Traditionally the filibuster was a measure of last resort. It is a drastic measure intended to prevent a particular piece of business from coming to the floor. It signaled one side's commitment to blocking that piece of business. The catch was that they actually had to get down on the floor and actually filibuster. Basically, it's a contest to see who will blink first.

With the "gentleman's filibuster", all a Senator has to do is signal his intent to filibuster and that blocks that particular bill (or nominee, as the case may be) from a floor vote. The problems with this rule are so axiomatic, I'm not sure I can explain it any more clearly.
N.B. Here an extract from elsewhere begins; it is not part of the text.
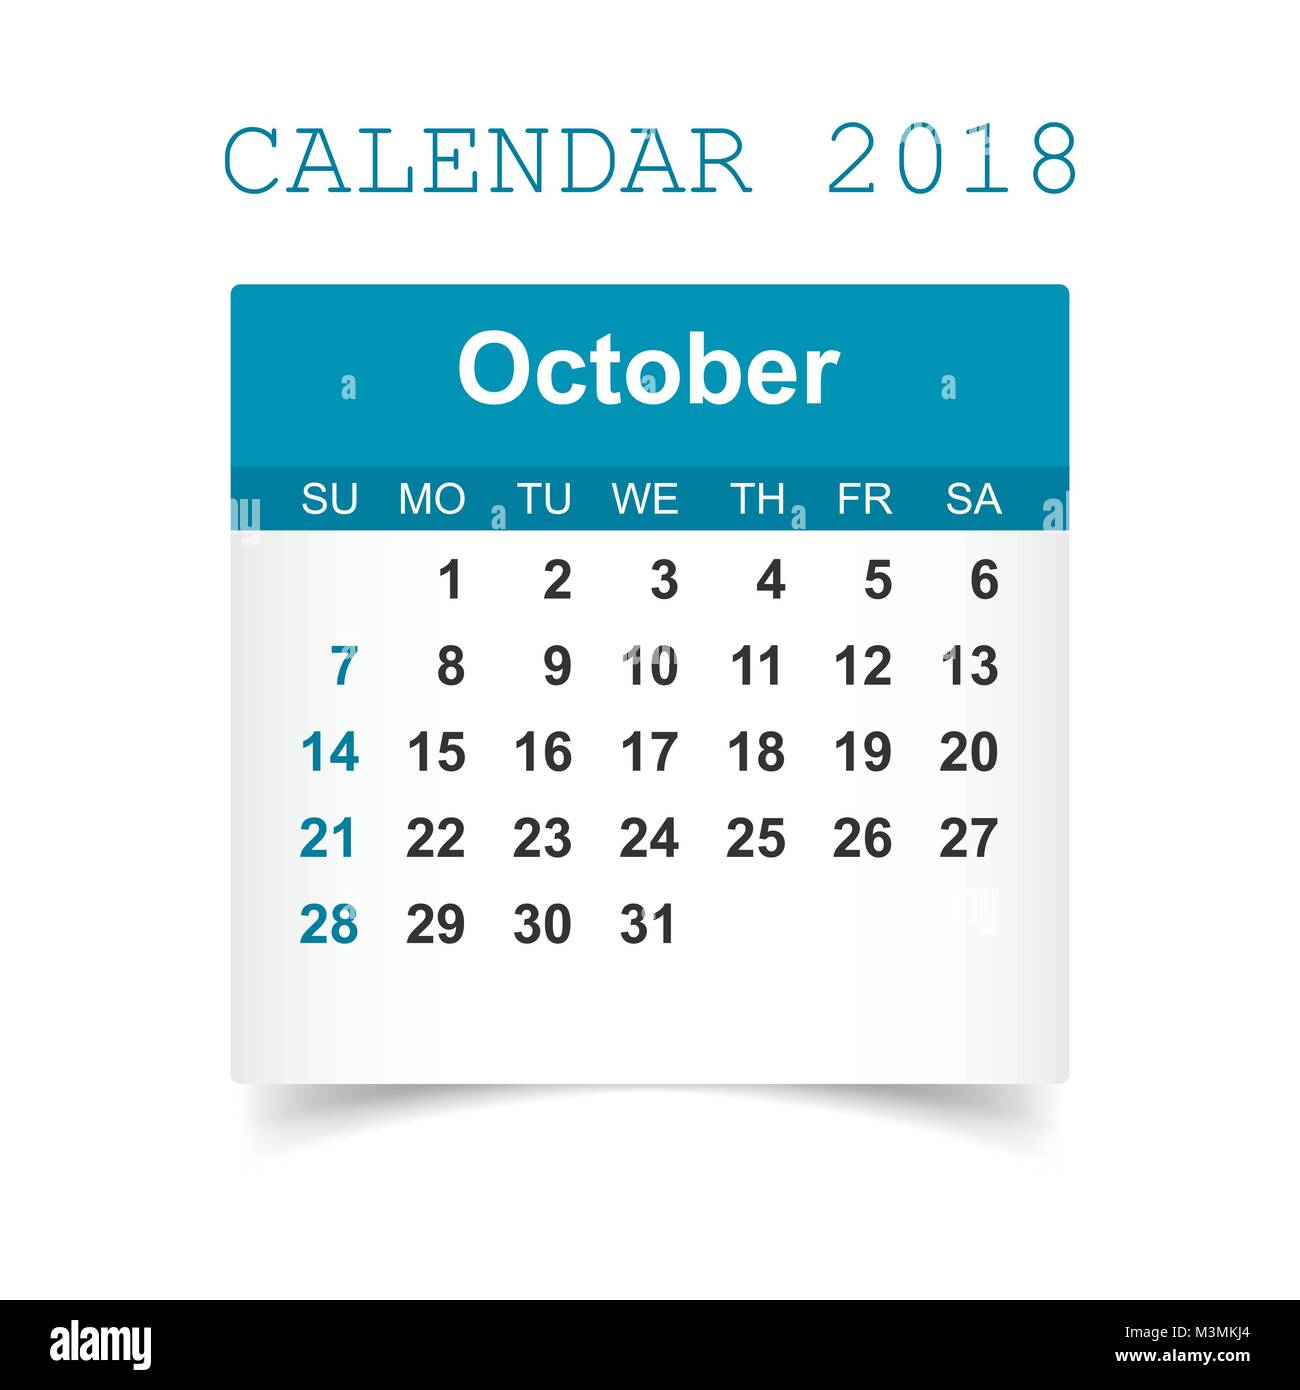 october 2018 calendar calendar sticker design template week starts on sunday business vector illustration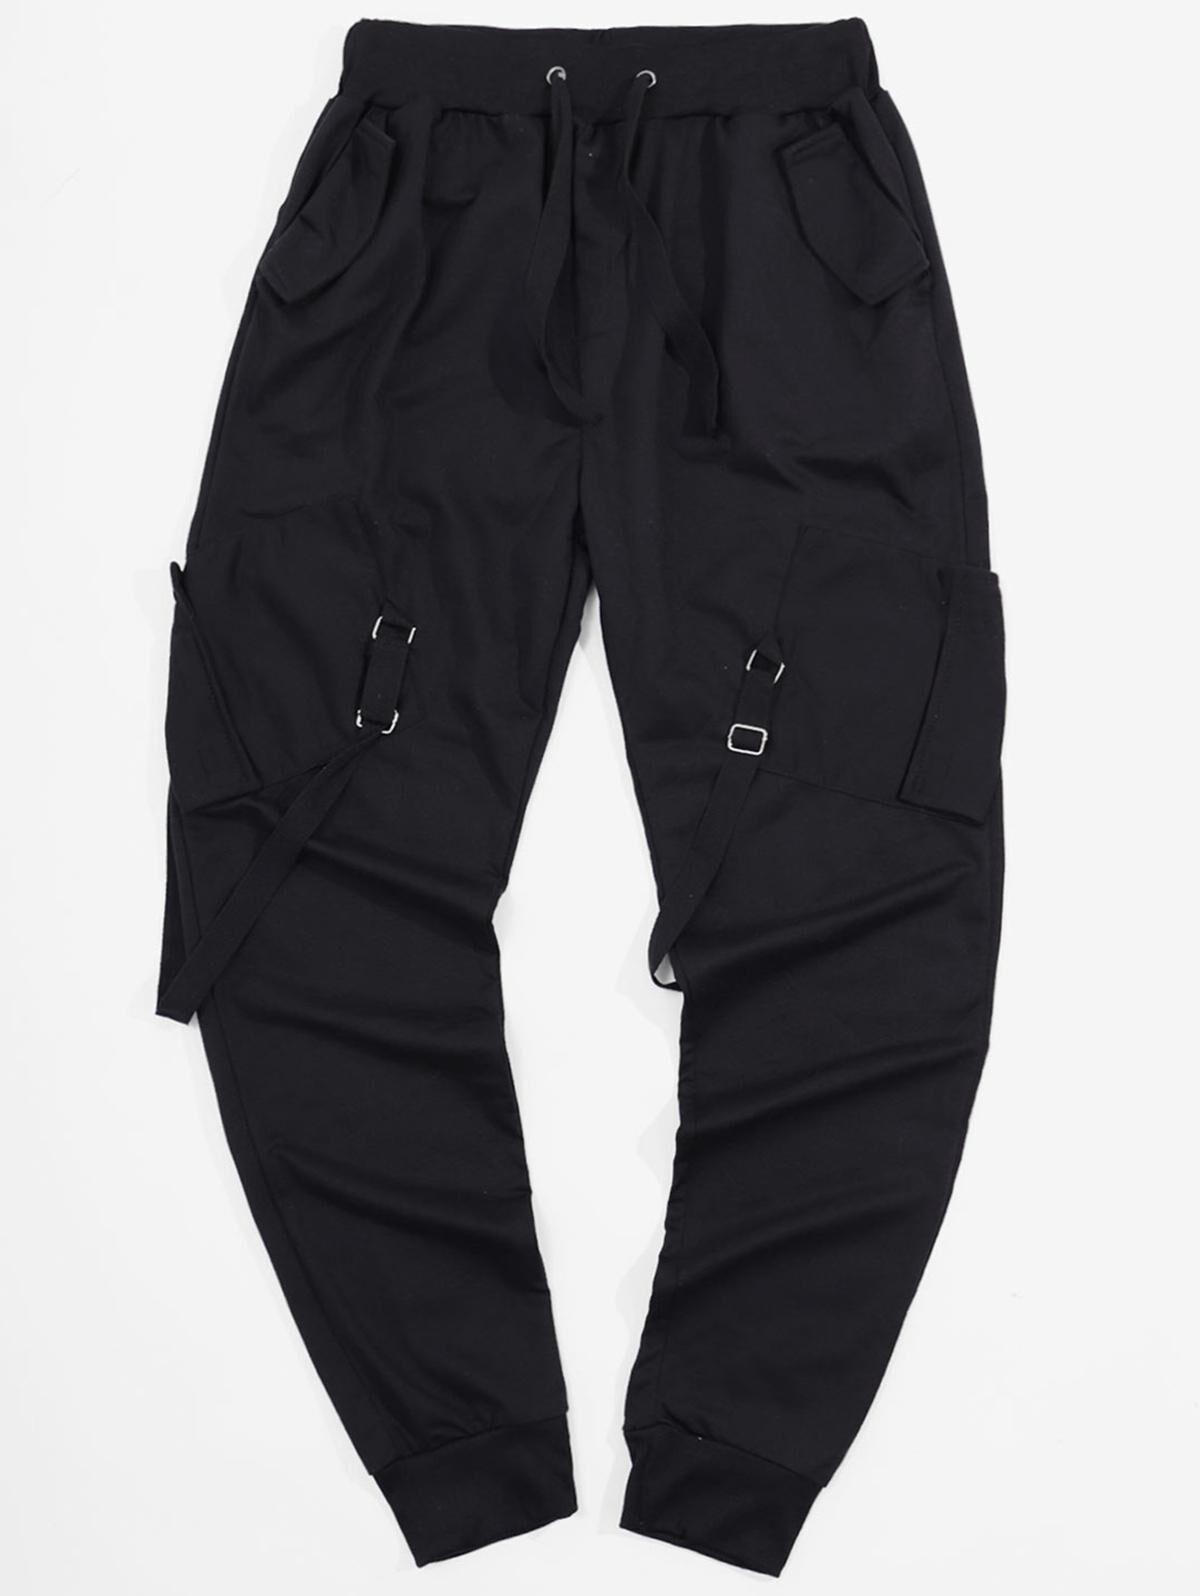 Ribbon Pockets Long Elastic Sport Cargo Pants in BLACK - Size: Large

Let me try: Imagine you're at an auction, and an item which you wish to purchase comes up for bid. Now, in a real auction, I would actually have to bid against you to win the right to purchase the item for an indicated price. But let's say Sotheby's rules were like the Senate's. Say when that item came up for a bid, I signaled my intent to pay 10 million dollars for it. Recognizing how serious I am about purchasing this item, you decide not to bid. And then I walk up and purchase the item for a dollar.

This is what the "gentleman's filibuster" allows Senators to do. It allows them to block legislation or nominees without going through the tiresome business of actually blocking it. I think the potential for abuse is fairly clear. It allows even one Senator to hold any piece of business hostage.

This is very un-republican (remember, the United States is not repeat not a democracy) and the practice should be abolished.